Japan, which I likened to a middle-distance runner, provides a cautionary tale. With a rapidly growing workforce and a young population, Japan’s GDP soared from 8% of America’s in 1960 to 73% by 1995. In 1994, however, its prime-age labor force (15-59) began to decline, and it has since trailed the U.S. by every demographic measure. Japan’s economic growth rate has been lower than America’s since 1992, and its GDP has fallen to a mere 16% that of the U.S. in 2023.
Italy’s experience underscores the danger of ignoring demographic shifts.
Italy’s experience underscores the danger of ignoring demographic shifts. The country’s prime working-age labor force has been shrinking since 1993, and its population is significantly older than that of the U.S. Consequently, its GDP has dropped from 20% of America’s in 1992 to 8% this year.
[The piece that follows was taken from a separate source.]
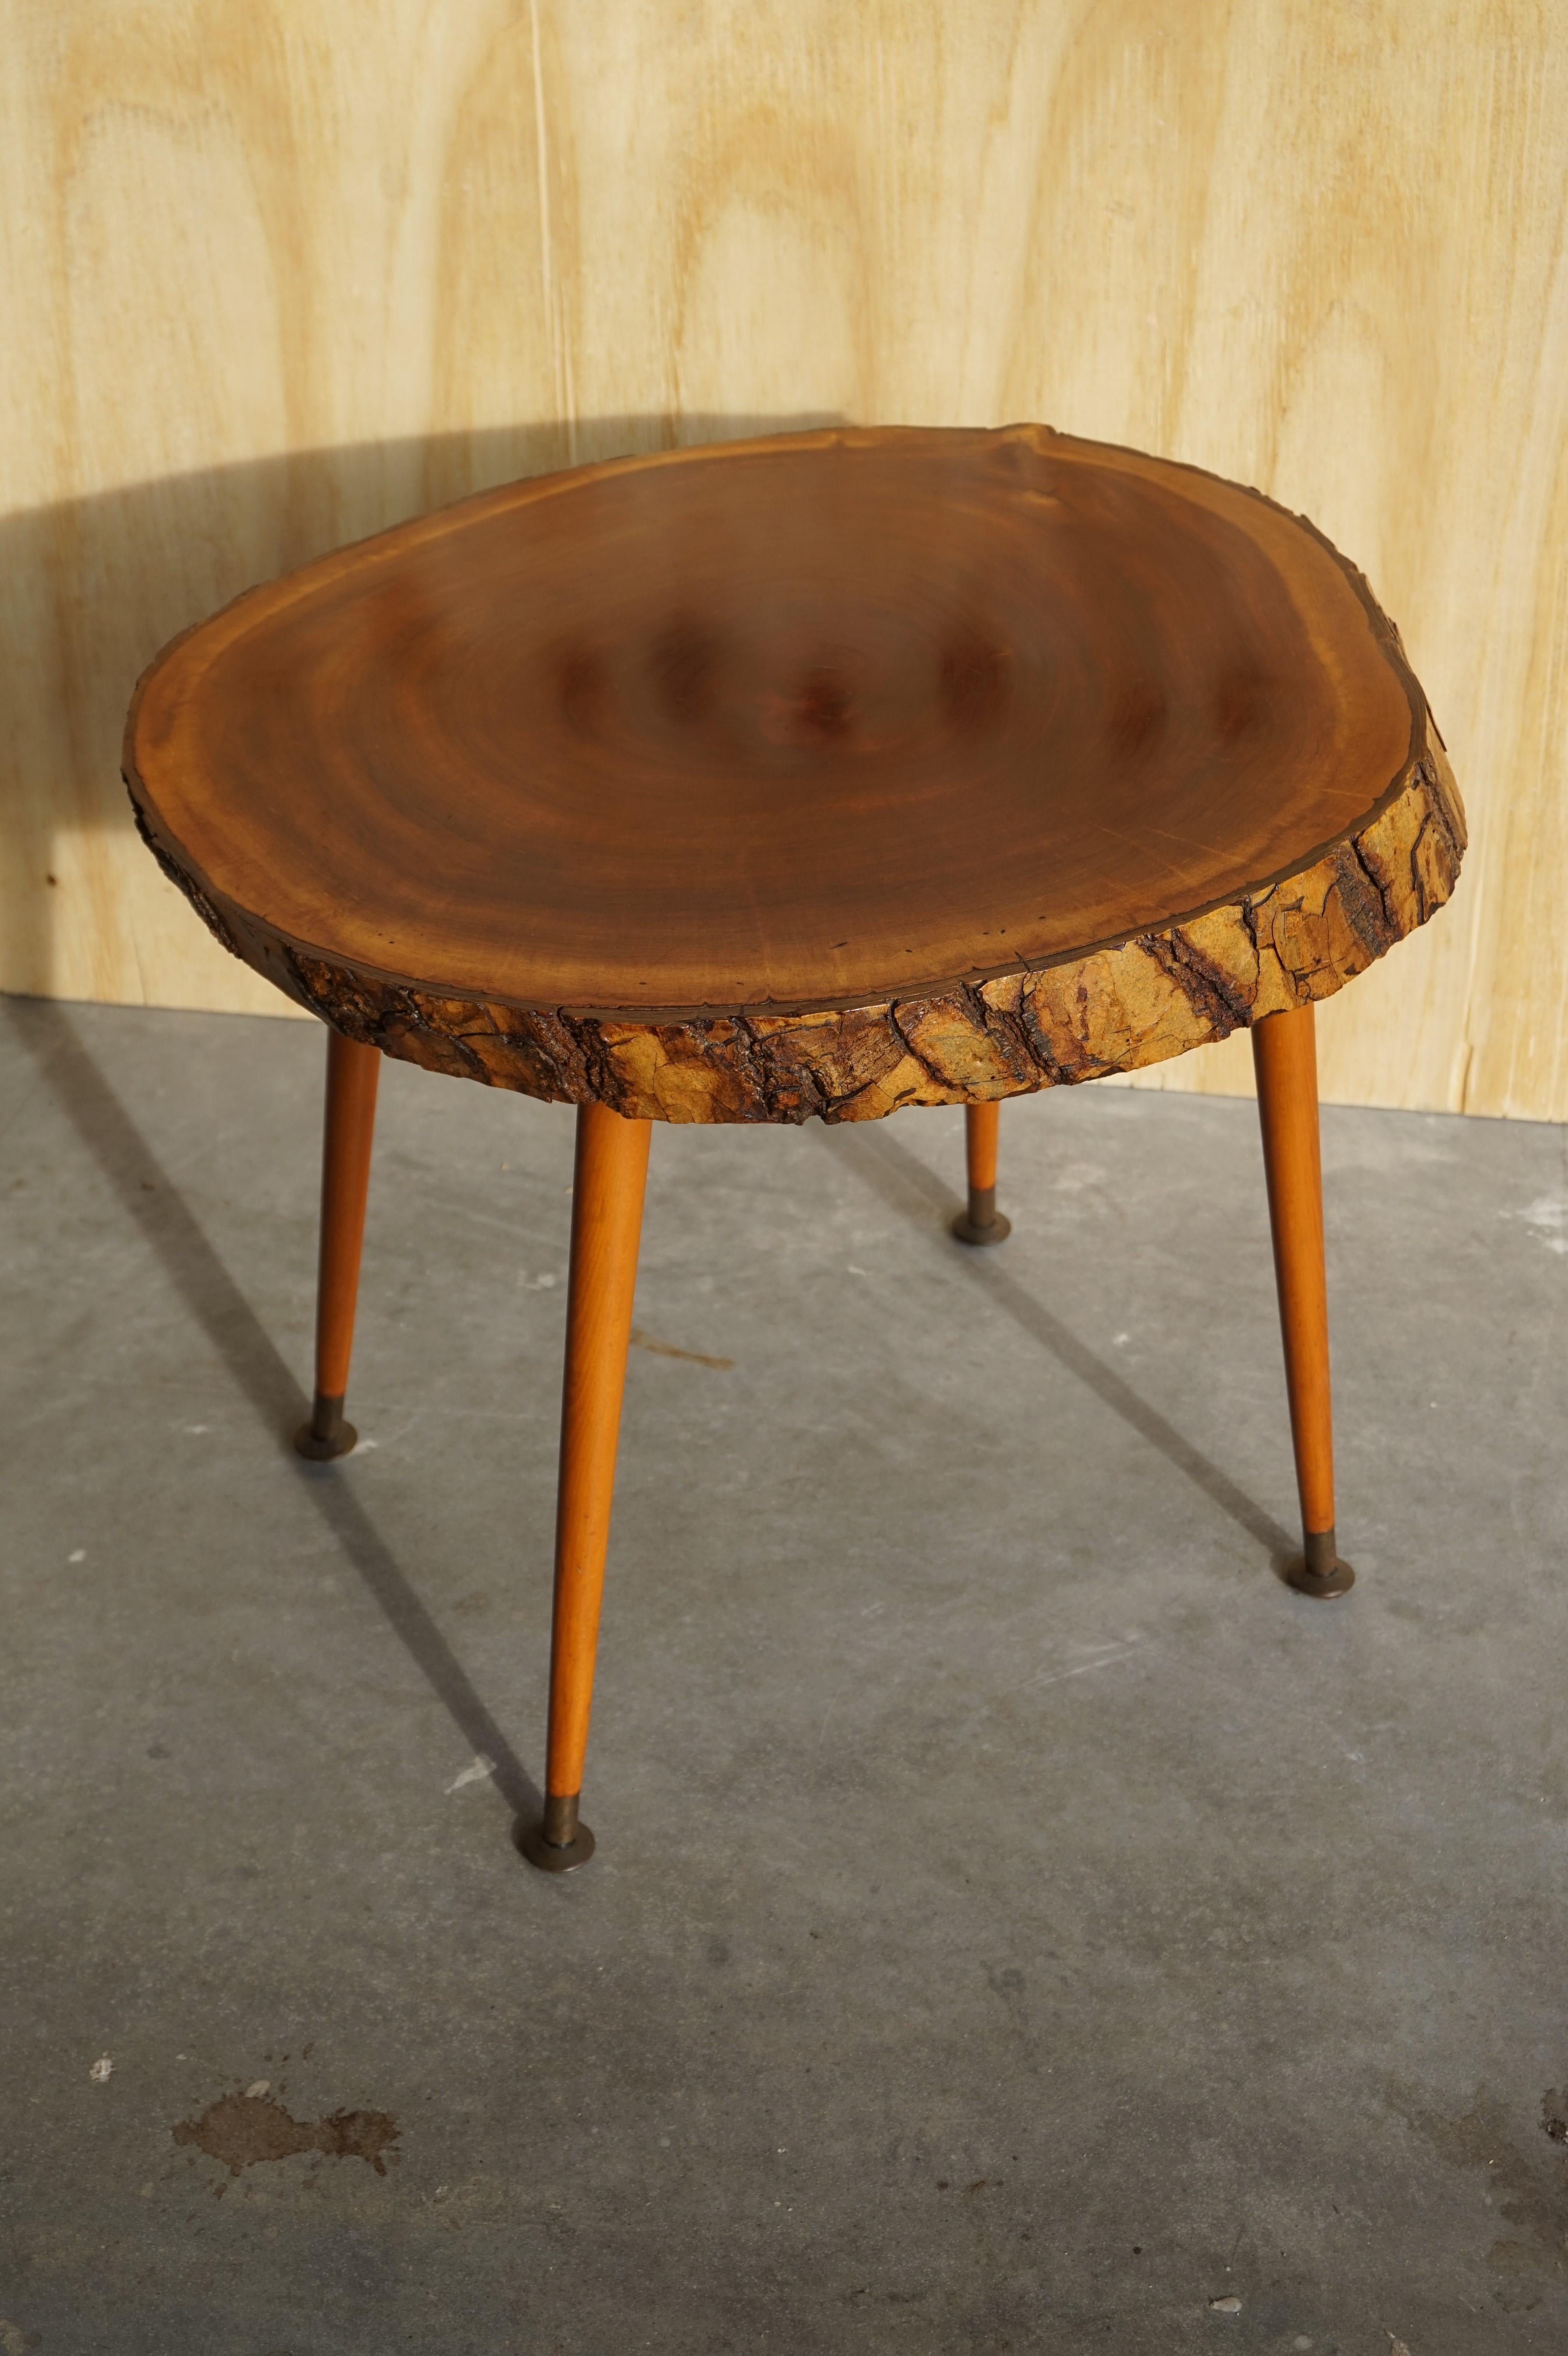 Handcrafted and organically beautiful 1950s table.

This handcrafted table from the midcentury era is both beautiful and functional. The natural material tabletop is made of a stunning slice of timber and it even comes with the original bark. The

China’s population aged more rapidly than previously predicted, and its fertility rate (births per woman) has been lower than that of the U.S. since 1991 and below those of Japan and Italy since 2021. China’s prime-age labor force began to shrink in 2012, signaling the end of its three-decade run of double-digit GDP growth.
In the decade since then, the gap between the Chinese and U.S. economies continued to narrow, partly owing to China’s massive housing bubble. But by 2031-35, China will lag behind the U.S. in every demographic metric, and its GDP growth rate will likely fall below America’s. Chinese GDP has fallen from 76% of America’s in 2021 to 66% in 2023. While this decline is likely the result of short-term fluctuations, it could foreshadow a widening economic divide between a rapidly aging China and a largely middle-aged U.S.